So to be as concrete as possible, think of how your network card operates. So right now your wireless card is downloading all data. You’re downloading your neighbors’ data, all your students’ data when you’re on campus, and then it erases all the data that’s not specifically directed to you. So this technically means that your network card is always operating in what’s called “promiscuous mode,” although promiscuous mode just means that you get to see what your network card is doing.

So in a network there is no monogamous mode because a monogamous mode would mean that it’s just you and your computer and you’re not communicating with anybody. And so I wanted to give them that sense that they need and they’re constantly sending back and forth information.

And this is both creepy and wonderful. I also wanted to gloss the fact that what was important was to see that this is happening all the time, because when this is hidden from us, which it usually is, we can fall into paranoid fantasies of security or just complete vulnerability. So we needed this engagement to open up the wonderfulness of this creepiness.

Amanda Anderson: That’s terrific, a really helpful explanation. Since publishing Updating to Remain the Same you’ve launched the Digital Democracies Institute at Simon Fraser. What are the aims of this institutional venture, and what are you hoping to achieve with it? And I guess I’d also be curious to know, is it responding to a different set of conditions than those that preoccupied you in writing Updating to Remain the Same?

Wendy Hui Kyong Chun: So it is very much a post-2016 venture, and so the Canada 150 Chair, which I hold, was actually put in place by Canada in order to attract professors from the U.S. and the U.K. and other places post-2016 who would find Canada a wonderful place to be.

And so, most broadly, the Digital Democracies Institute seeks to understand and counter misinformation, polarization, abusive language, and discriminatory algorithms. Although we’re based at SFU, we’re the hub of a global network. So there are 19 partner institutions in the U.S. and Europe and 21 affiliated researchers external to SFU, and the external researchers are in computer science, theater and performance studies, media studies, network science ...
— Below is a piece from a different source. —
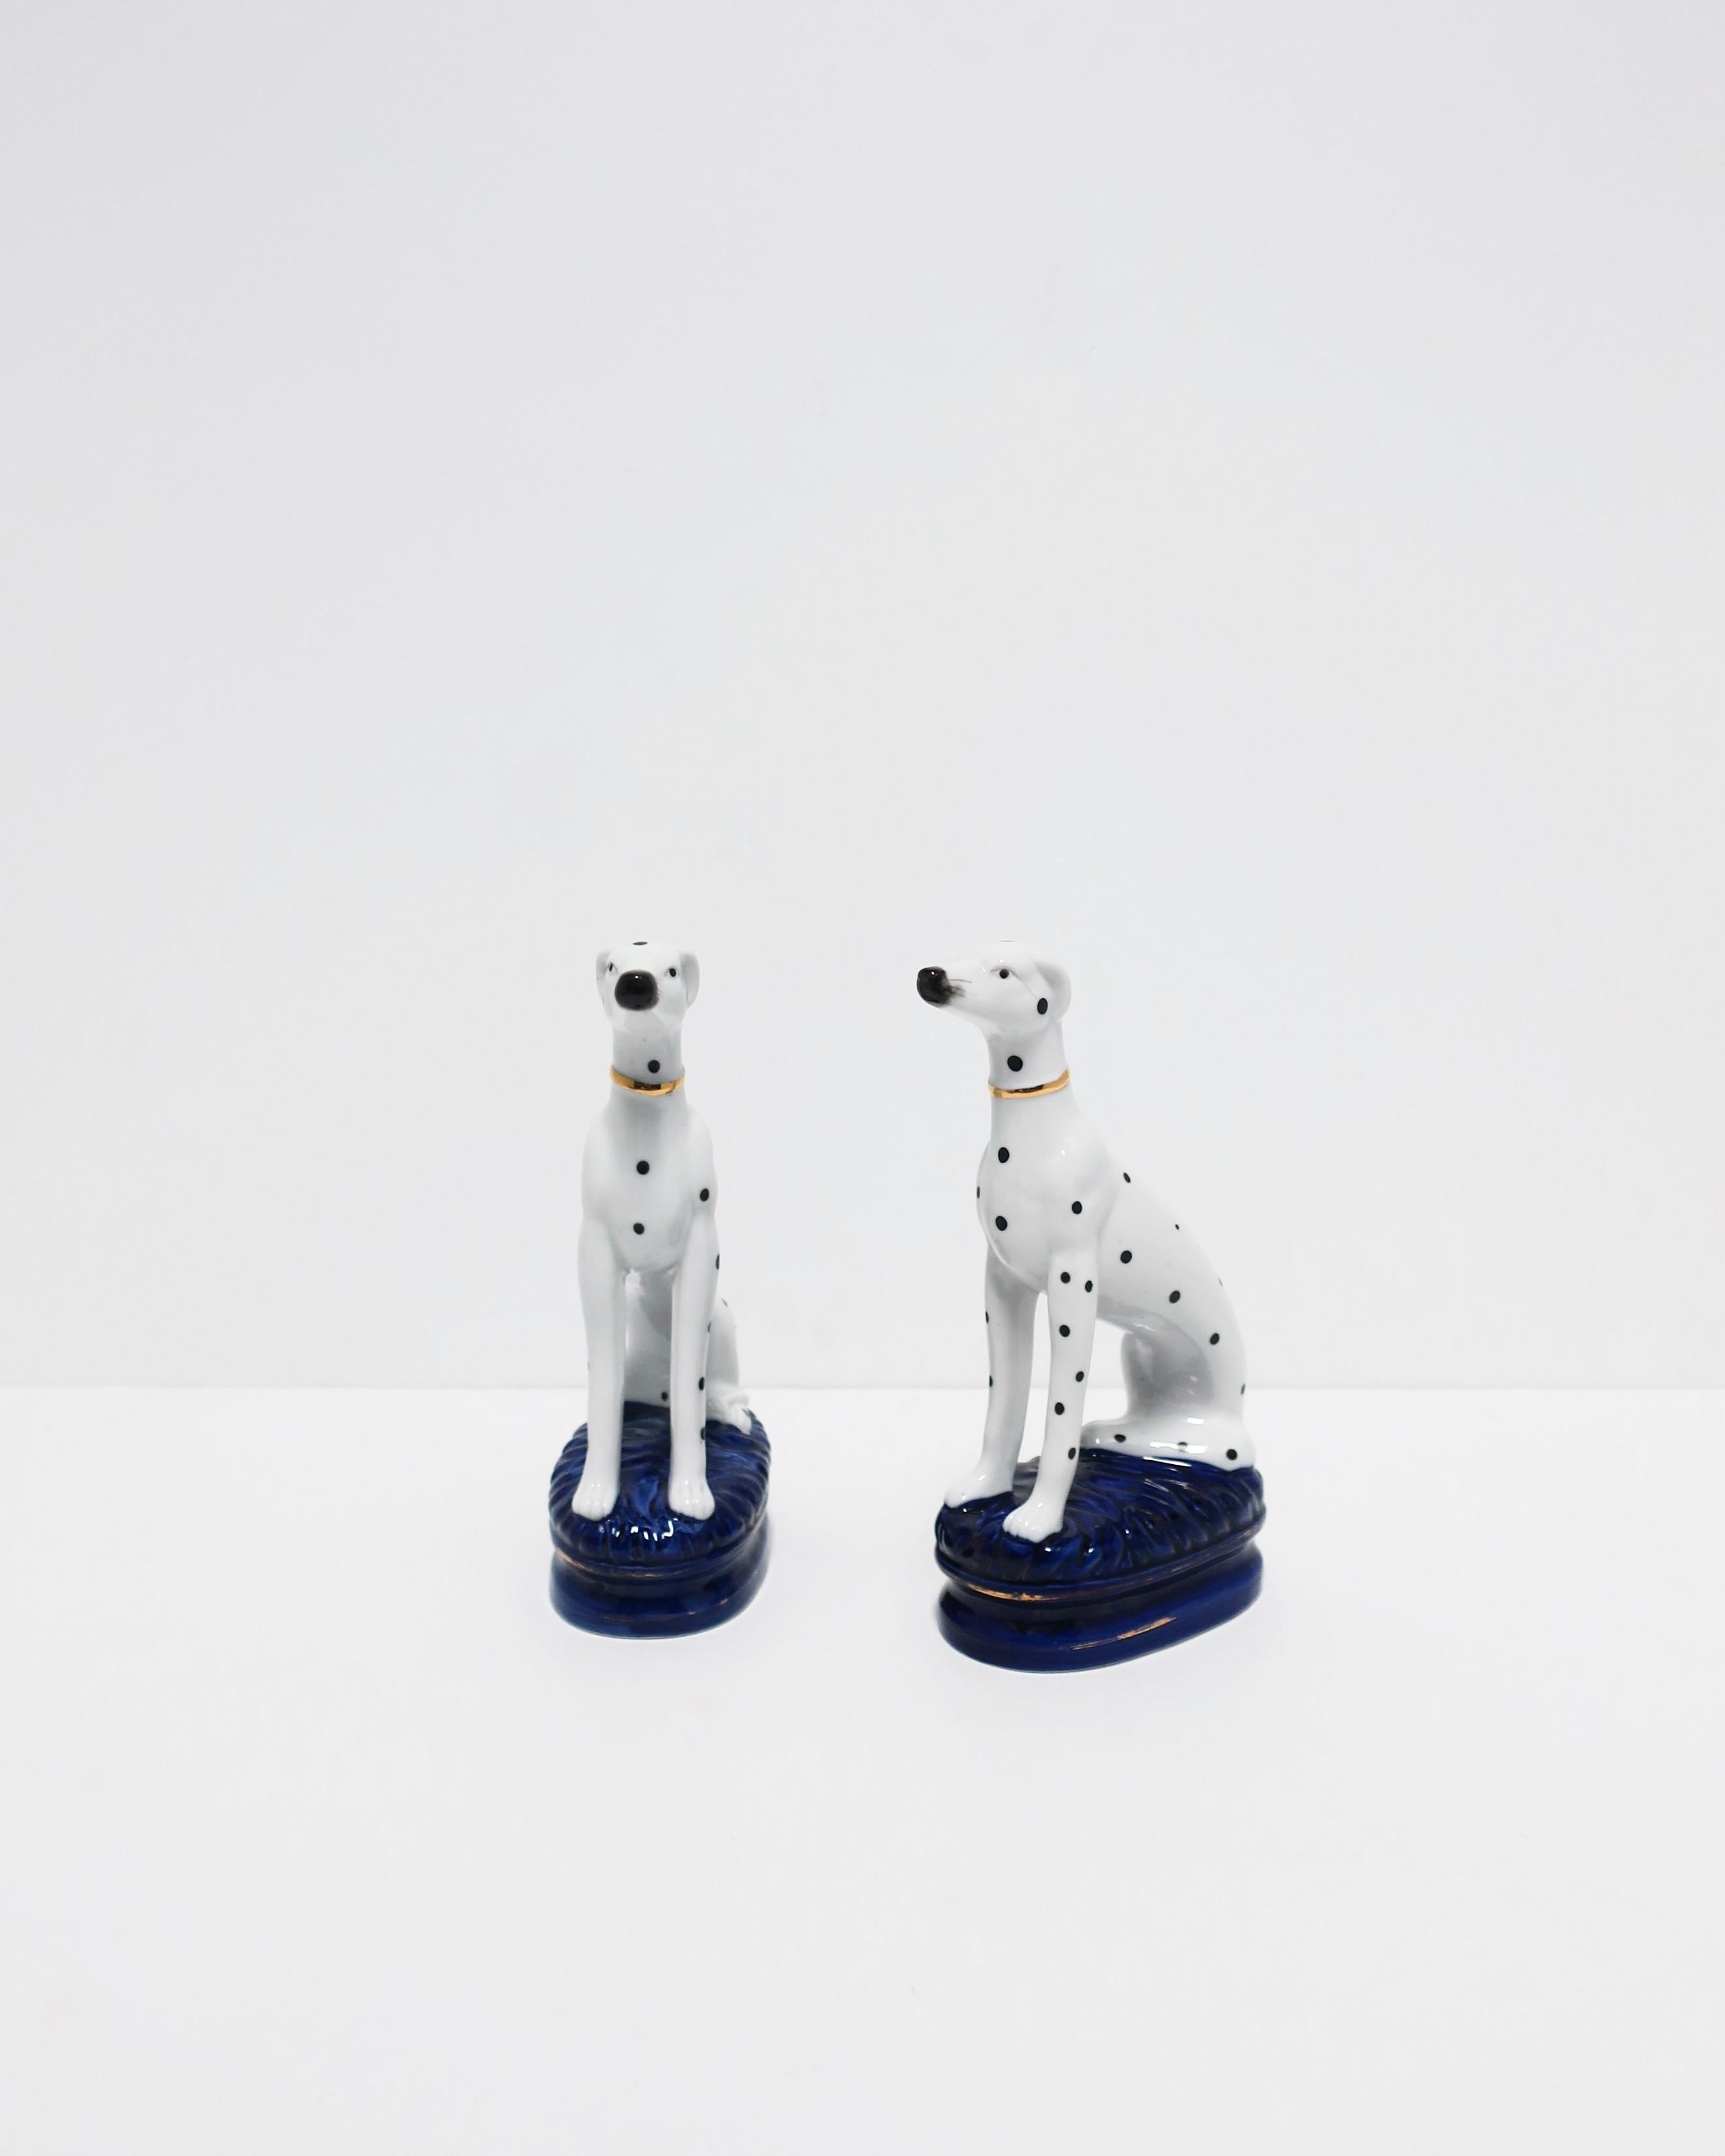 Glazed Staffordshire Black and White Greyhound Whippet Dalmatian Dogs Bookends, Pair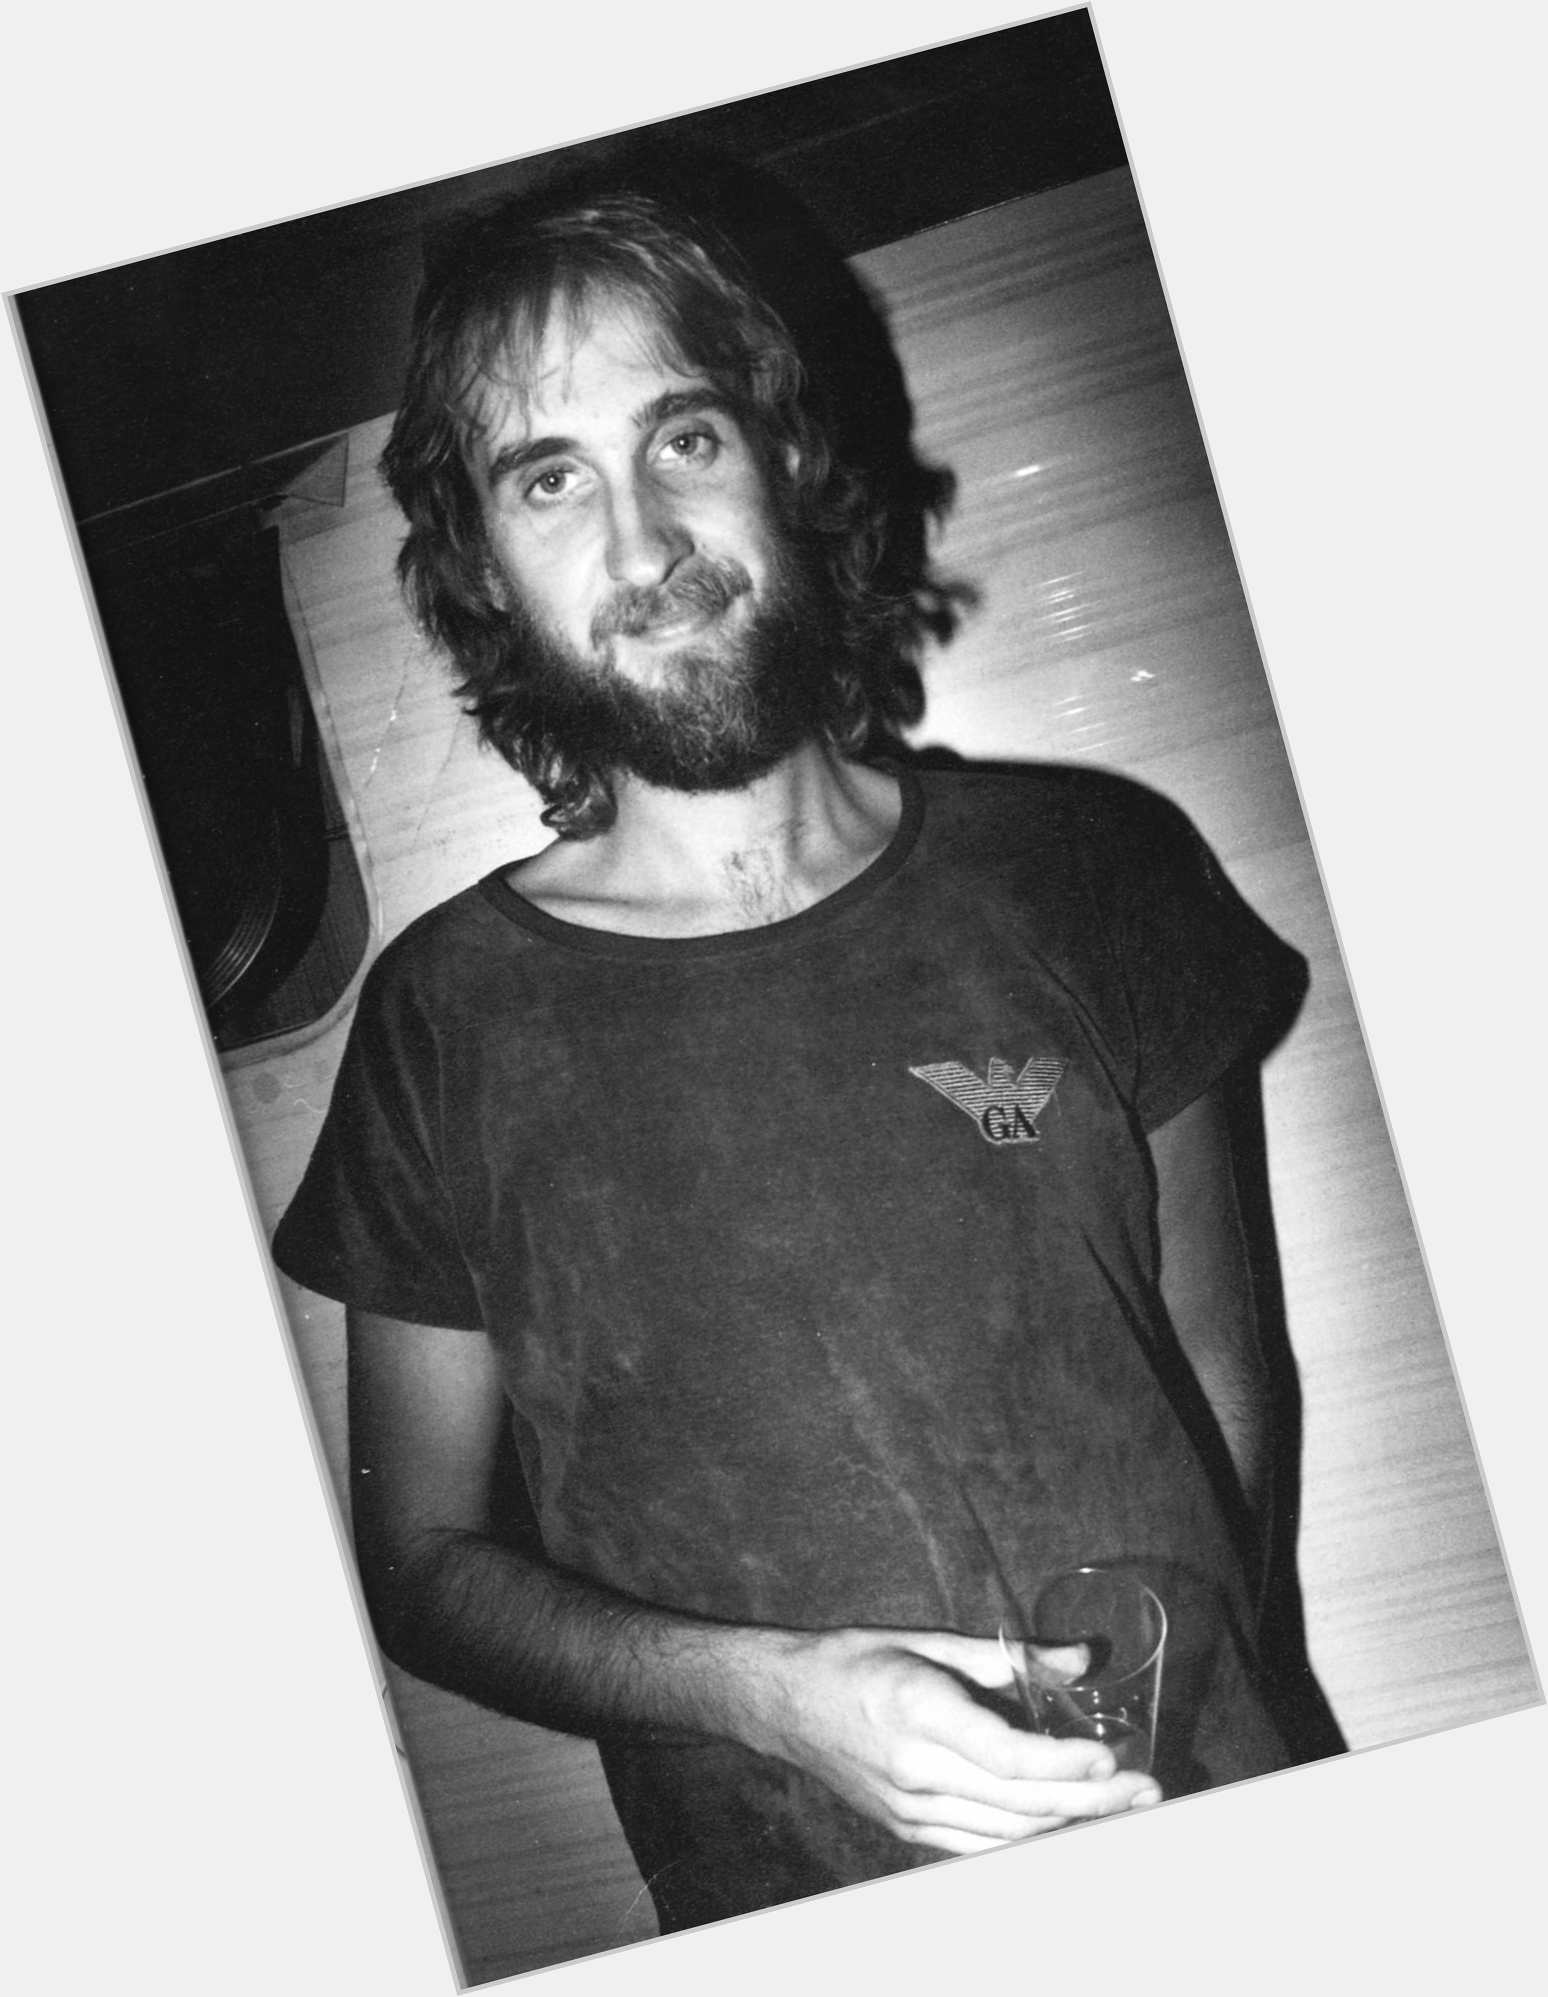 Https://fanpagepress.net/m/M/Mike Rutherford Where Who 3

And we’re global and multidisciplinary and multi-sector because we have to. So no one discipline has solved these problems. They still remain. And we have to work across boundaries because too often we’re reinventing the wheel or we’re getting stuck in our tracks. So each of our research streams starts with a hard problem and a roadblock. And I can give you a concrete example of that, if that would be helpful.

Amanda Anderson: That would be great. Yes, please do!

Wendy Hui Kyong Chun: OK, so Beyond Verification, which is our project on misinformation, begins with the fact that fact-checking is important but it’s not enough, right? So fact-checking will clearly always lag behind the spread of misinformation or disinformation, but more importantly, people often don’t care if something is correct or incorrect.

We share something because it’s compelling or true, and the more certain politicians lie, the more authentic they appear. So rather than treating this as an unfortunate circumstance, this is where we start. So rather than asking, “Is this correct or incorrect?” we ask, “Under what circumstances do users find something to be true and compelling regardless of its facticity?” So why do users who come to distrust CNN move to trusting Breitbart? How does one move from being suspicious to, like, being a conspiracy theorist and trusting certain sources? So who benefits from authenticity?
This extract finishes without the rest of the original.